How is your I/O utilization after cutting MAX_UPDATES_PER_SECOND back? Can you post graphs of all your carbon.agents.* metrics?

Revision history for this message
Cody Stevens (cody-stevens) said :
#11

I/O is still high... around 70%. I found another answer that mentioned to log to a different disk or partition so I am changing that and trying again. How do you post graphs here? I don't see any link to attach or upload a file?

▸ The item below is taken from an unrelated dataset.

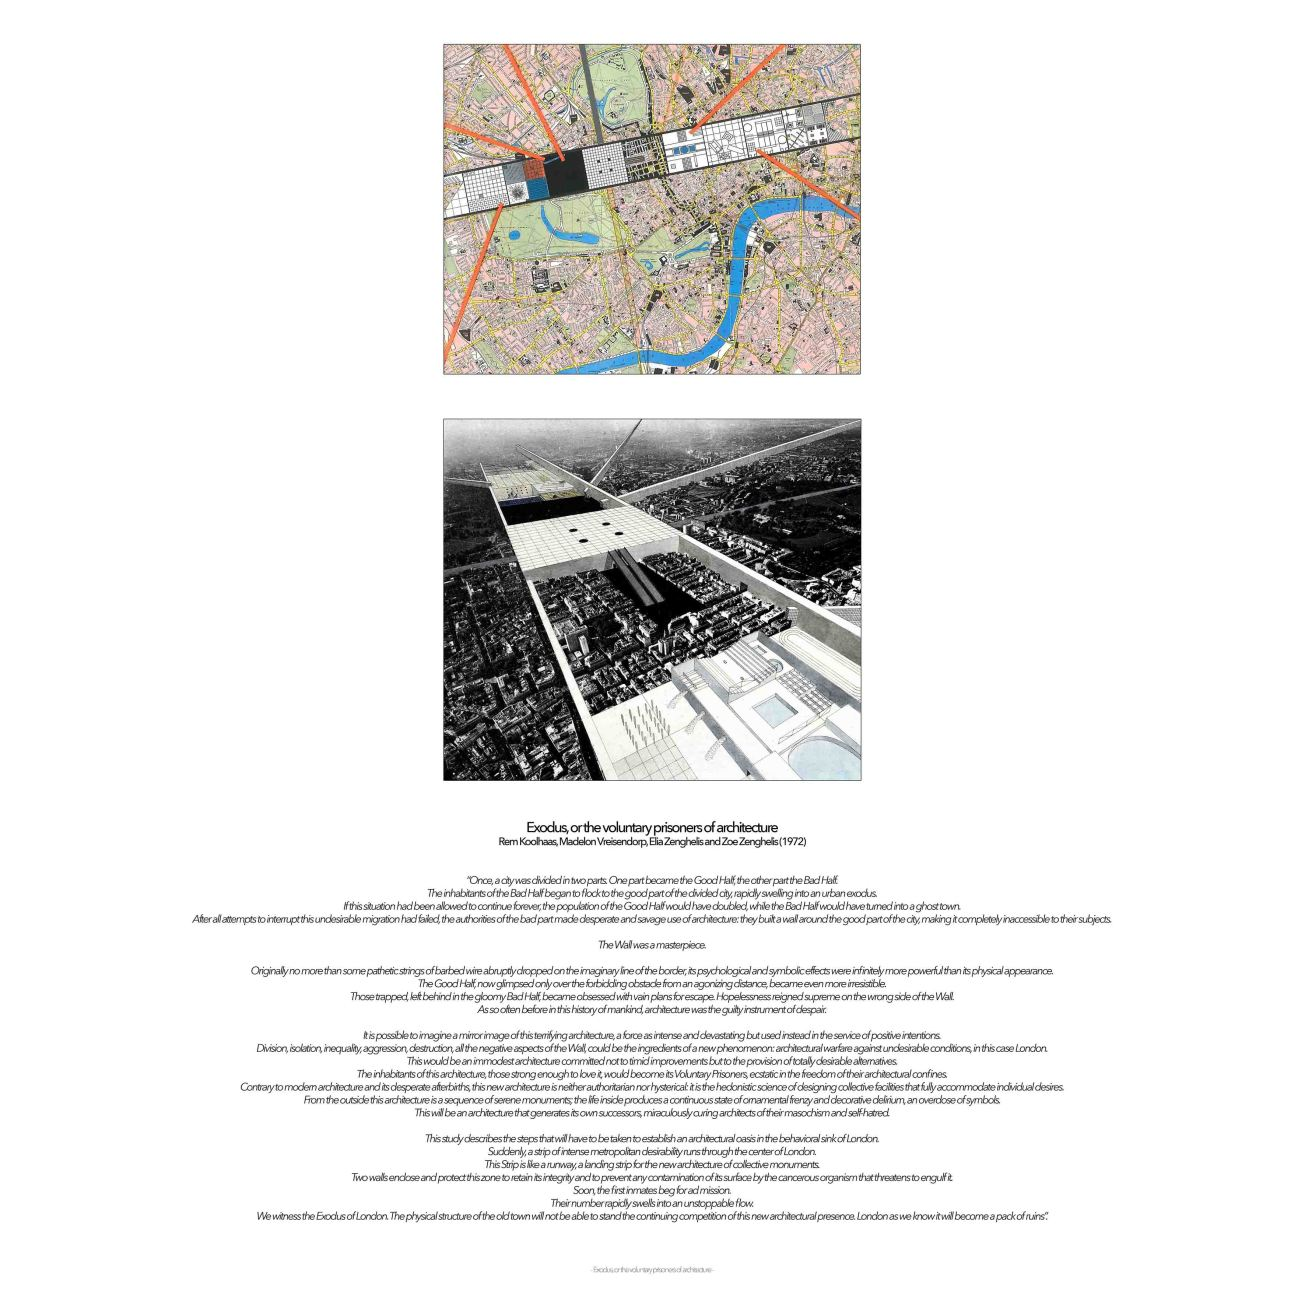 a modern Eden, Luca Minotti, 2016_17-University of Bologna-master thesis project, 01.jpg

Revision history for this message
Cody Stevens (cody-stevens) said :
#12

I can't seem to get the %util below 70%. Ihave the MAX_UPDATES_PER_SECOND set at 50 and after a fresh reboot it still climbs over 70%. The drives are only 7500 RPM drives configured in RAID 5.

 iostat -d /dev/sdb1 -x 2 2
Linux 2.6.18-238.19.1.el5.centos.plus (graphch02) 09/13/2011 _x86_64_

Device: rrqm/s wrqm/s r/s w/s rsec/s wsec/s avgrq-sz avgqu-sz await svctm %util
sdb1 0.49 0.00 78.41 44.87 1233.28 475.42 13.86 1.05 8.52 5.68 70.08

Device: rrqm/s wrqm/s r/s w/s rsec/s wsec/s avgrq-sz avgqu-sz await svctm %util
sdb1 0.00 0.00 18.50 126.00 372.00 1336.00 11.82 0.95 6.37 6.41 92.60

Any suggestions? Again, I would provide graphs but see no place to post them.

Revision history for this message
Cody Stevens (cody-stevens) said :
#13

I posted some graphs out on flickr. These are the carbon.agents.* graphs for the past 24 hours.

http://www.flickr.com/photos/54244623@N07/sets/72157627546396965/

There is one in there from last week that is annotated. You can see a huge gap overnight and then the graphs starts again after arrived at work and restarted carbon-cache.py

If you need clearer graphs or graphs from a different time interval let me know. I have been tweaking since then and the daemons have been stopped started etc..

The annotated graph was when I was running it with the default settings. MAX_CACHE_SIZE = inf, MAX_UPDATES_PER_MIN=1000, MAX_CREATES = 50.

Revision history for this message
chrismd (chrismd) said :
#14

The problem definitely appears to be related to the high I/O utilization as there is no CPU bottleneck, the incoming metrics vastly exceeds the datapoints getting written to disk, and the cache is completely full (hence all the gaps in the graphs). What does your I/O utilization look like with no carbon daemons running? (hopefully around 0% when measured over a 60-second interval). If you set MAX_UPDATES_PER_SECOND to 50 then carbon should be doing very little I/O work, so maybe some other process on the machine is generating this I/O load?

Also how much ram do you have? A huge piece of the performance puzzle for graphite is having enough ram for the kernel to buffer writes. If you have too little ram or other processes on the machine eating it up that could cause problems like this. It may be beneficial to run an I/O benchmark like bonnie to make sure the system is setup for optimal performance.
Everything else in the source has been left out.